= Beginning of Section =
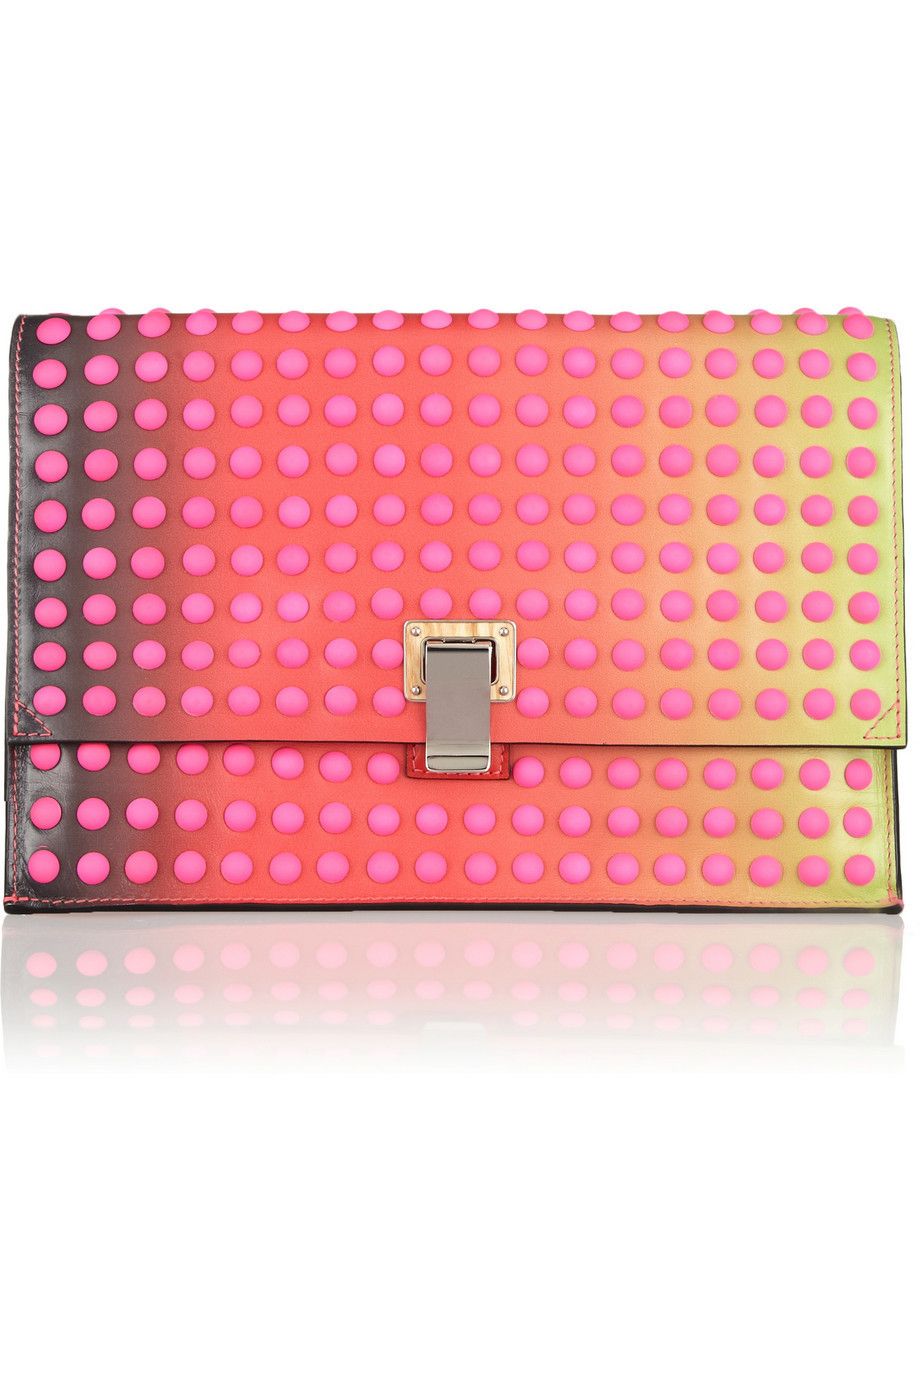 Brown, Pattern, Textile, Electronic device, Red, Technology, Pink, Magenta, Rectangle, Wallet, 
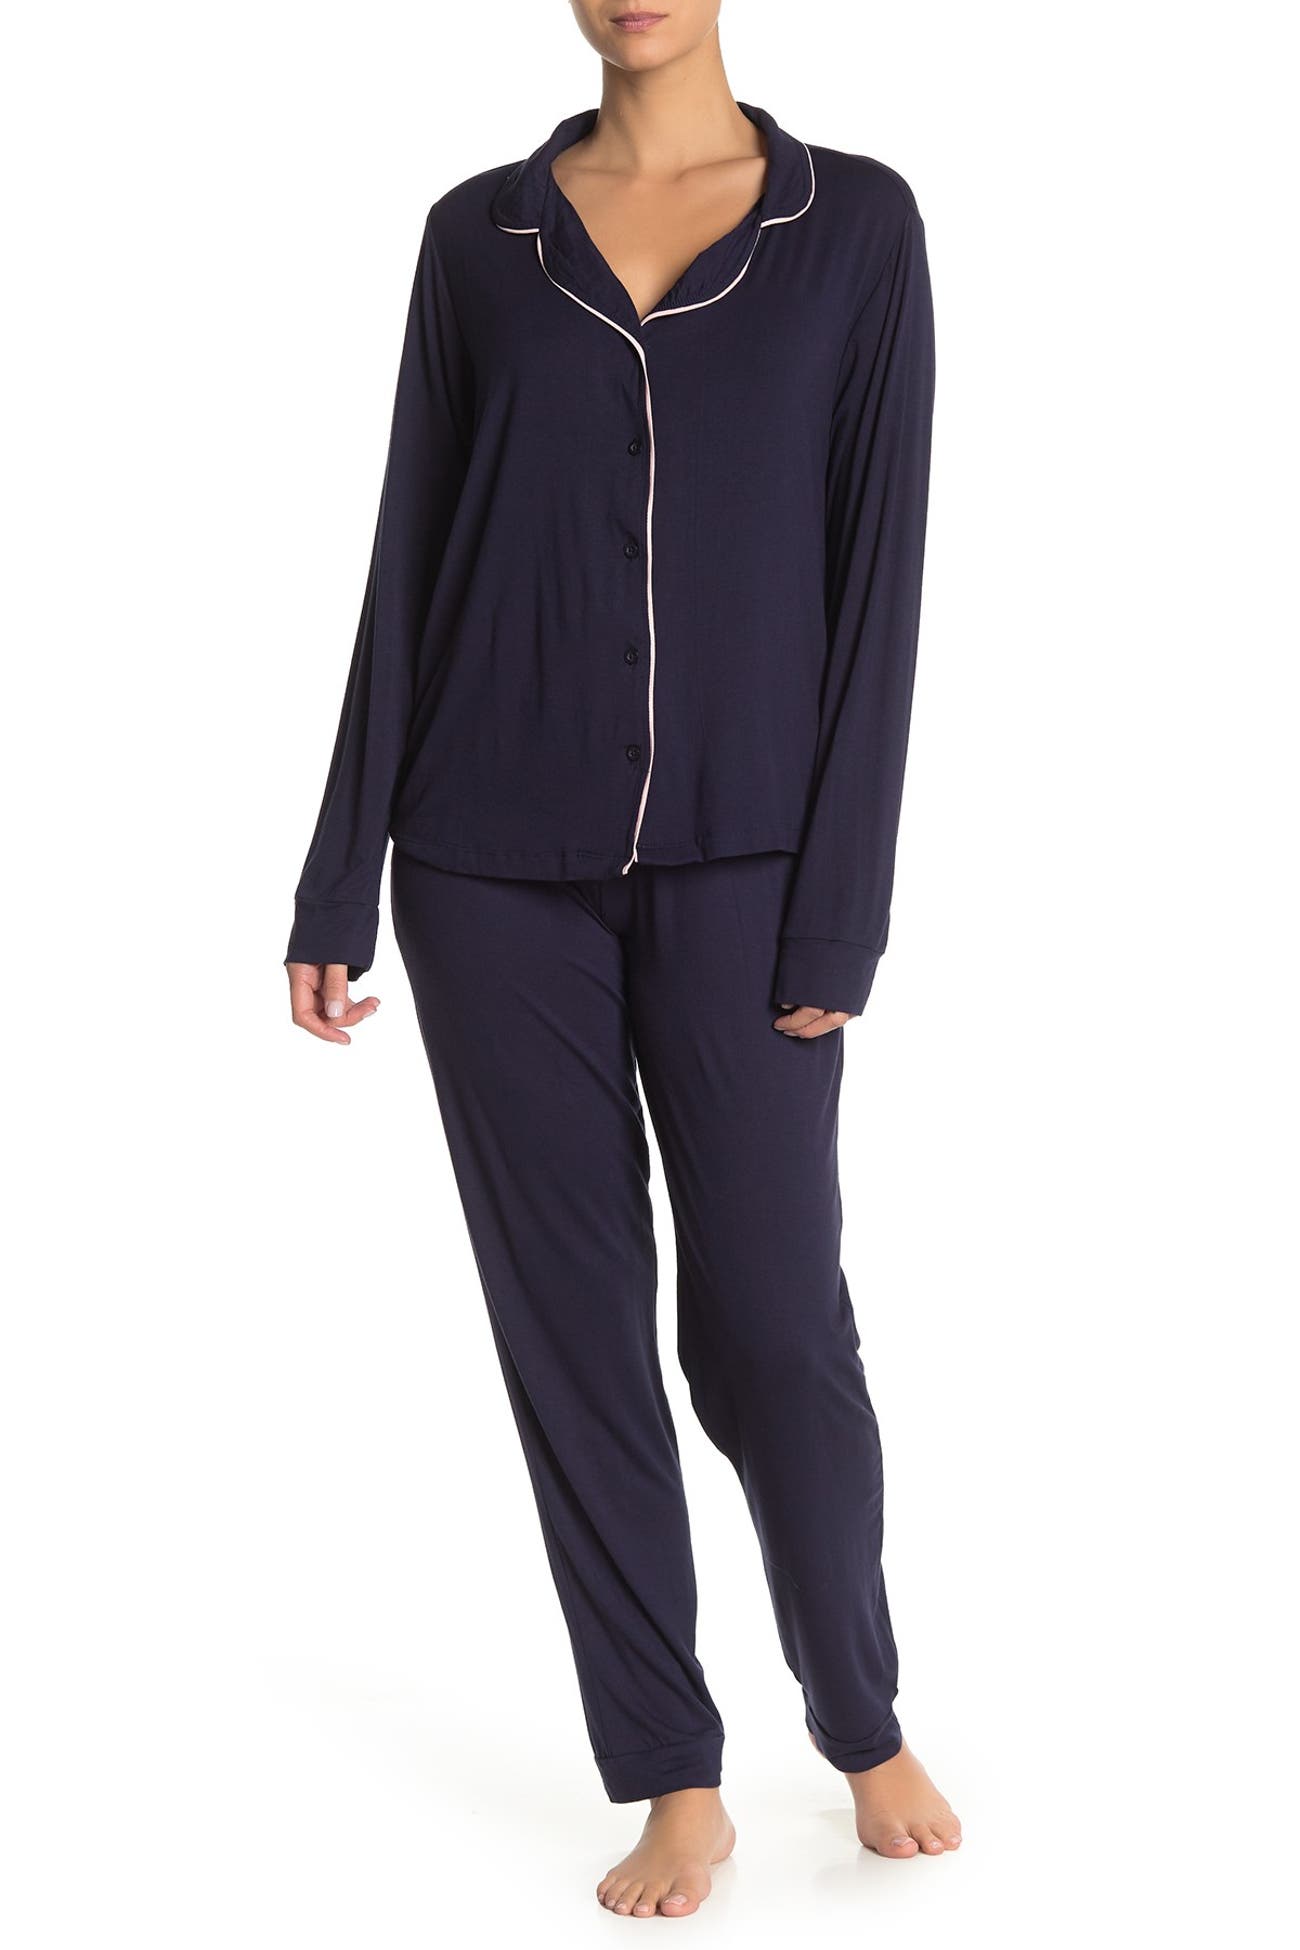 French Connection | Piped Trim Solid Pajama 2-Piece Set | Nordstrom Rack
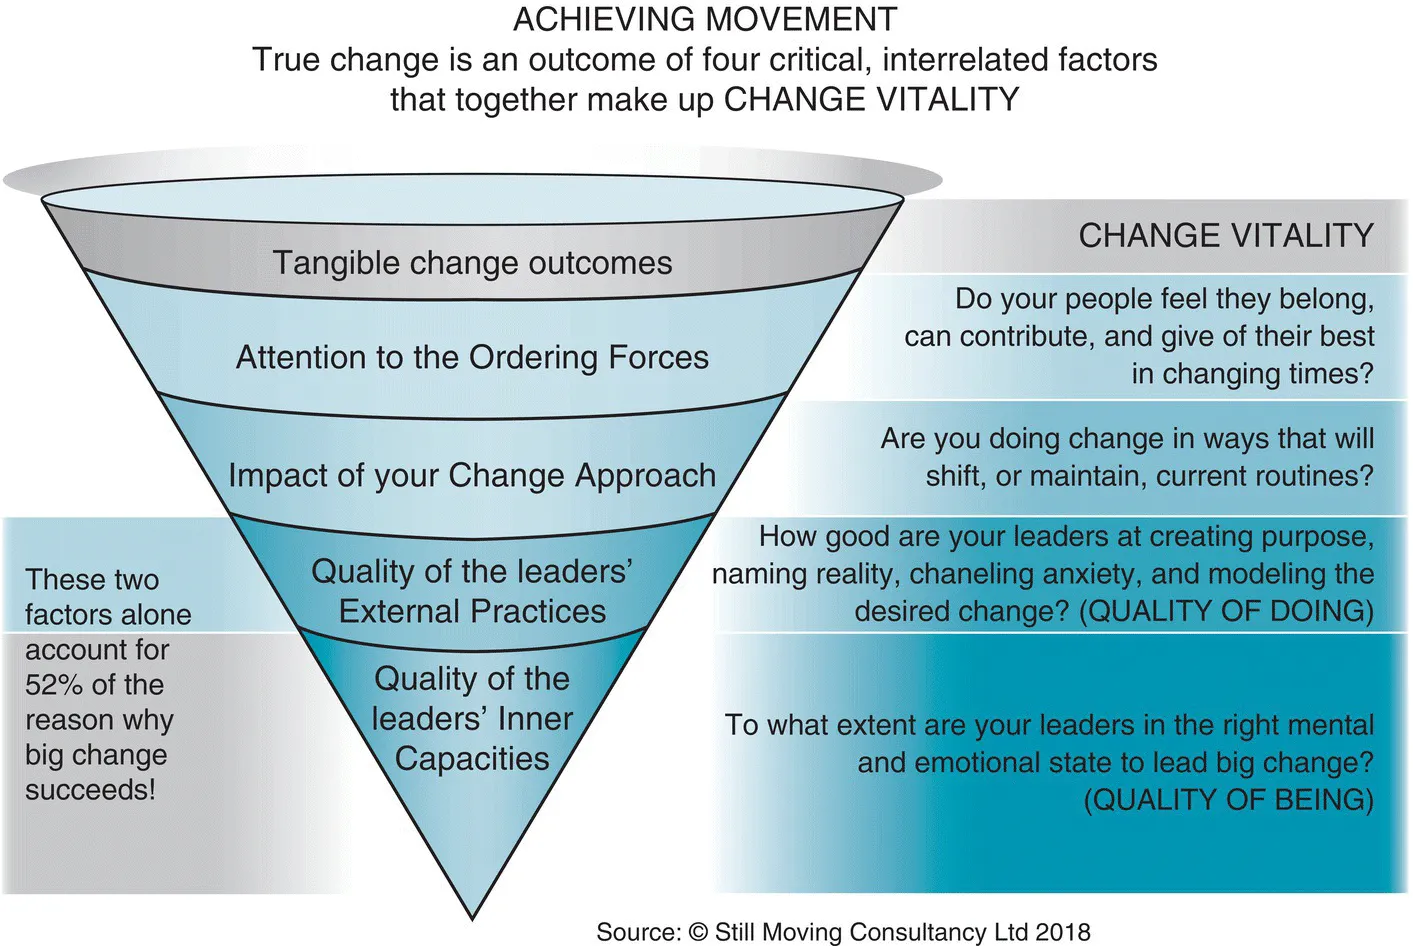 Diagram displaying an inverted pyramid with segments for “Tangible change outcomes,” “Attention to the ordering forces,” “Impact of your change approach,” and so on (top–bottom).
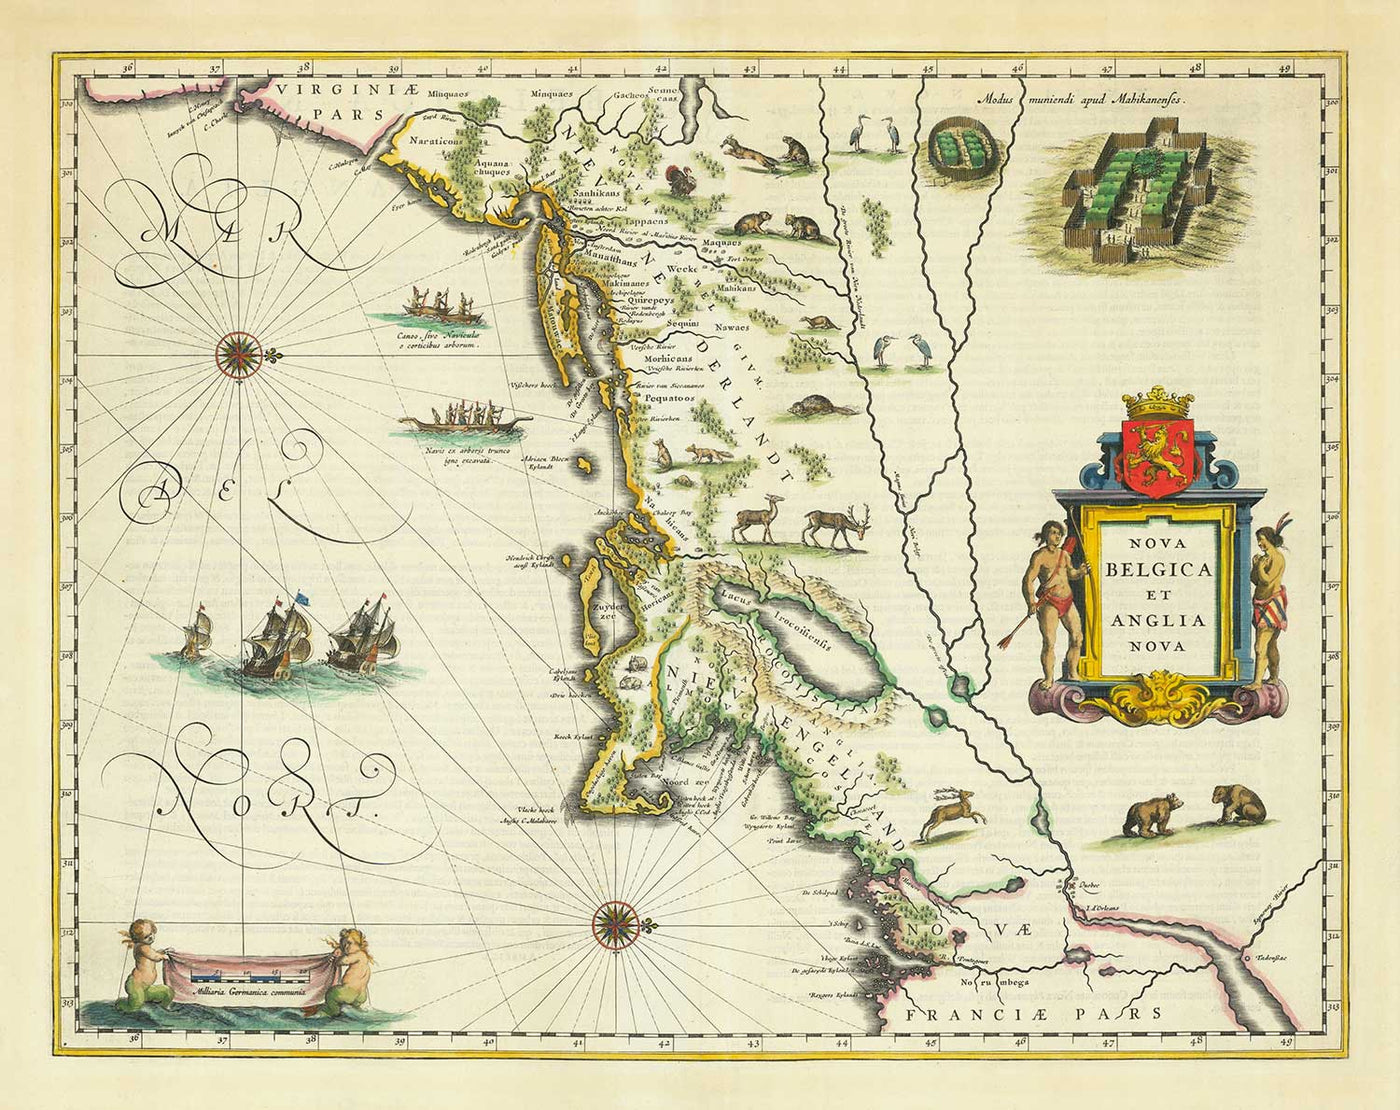 Old Map of New Netherlands and New England in 1640 by Willem Blaeu - Manhattan, Providence, New York, Boston, New Jersey
= End of Section =
Leave the pictures out and return the rest of the material exactly.

OUTPUT OF THE TASK:
 Brown, Pattern, Textile, Electronic device, Red, Technology, Pink, Magenta, Rectangle, Wallet, 
 French Connection | Piped Trim Solid Pajama 2-Piece Set | Nordstrom Rack
 Diagram displaying an inverted pyramid with segments for “Tangible change outcomes,” “Attention to the ordering forces,” “Impact of your change approach,” and so on (top–bottom).
 Old Map of New Netherlands and New England in 1640 by Willem Blaeu - Manhattan, Providence, New York, Boston, New Jersey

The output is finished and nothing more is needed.